Unlike a freezing cold night in Sheffield in his garage, but once Declen starts he gets wrapped up in the work and those shapes. His influences include Sean Scully, the Dublin-born artist who came to international prominence as a painter of abstract works featuring combinations of squares and stripes. “They are shamelessly blocks of colour and you’ve got to have confidence in it,” says Declen.
Another is Basil Beattie who Declen saw presenting his work on Newsnight and felt encouraged by. Beattie’s work revolves around abstraction and is known for its emotive and gestural forms “I related to the language of his pictures,” says Declen.
Aware of Sheffield artists like Joe Scarborough and Pete McKee, Declen is a fan of city-born John Hoyland, regarded one of the most inventive and dynamic abstract painters of the post-war period. “He had a show at the Millennium Galleries, big expressive paintings, amazing.”
Born in Nottingham, Declen has been in Sheffield for the last six years and now calls it home. He is a big fan of its history. “What I like about it is the industrial heritage.
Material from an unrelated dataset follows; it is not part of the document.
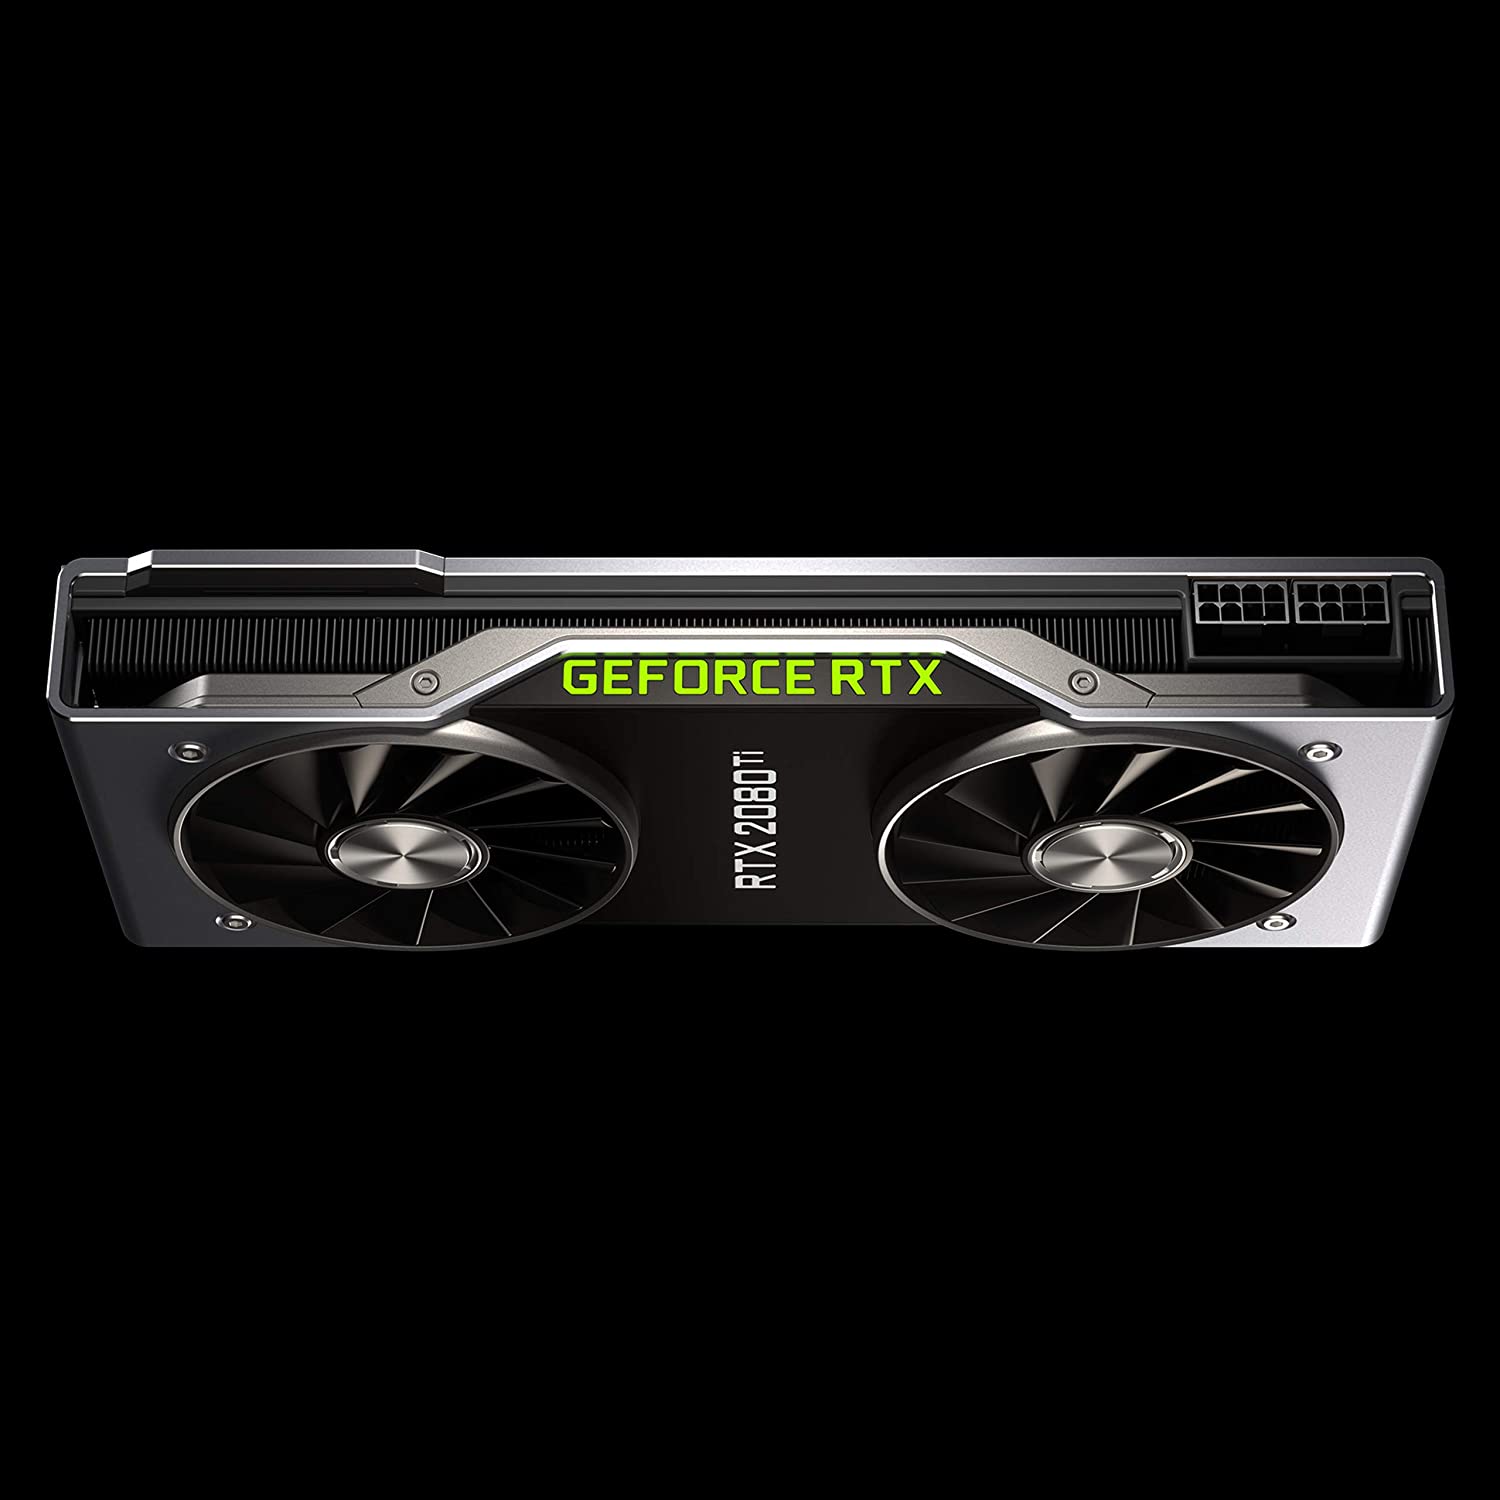 NVIDIA Geforce RTX 2080 Ti Founders Edition-1

“Imagine all the people who grafted and put the hours in to make the beautiful factories. I drive round Attercliffe and remember that it fed steel to the world. Of course, it changes and that is fascinating.
“Sheffielders have a real sense of civic pride and this is definitely home.”
He has an Instagram account called the Loneliness of an Abstract Painter, but remember, the loneliness is part of a process which can make him dance. And you don’t get much of that on a building site.
His show will run at the Dorothy Pax in Arch 17, Wharf Street, Victoria Quays, throughout May.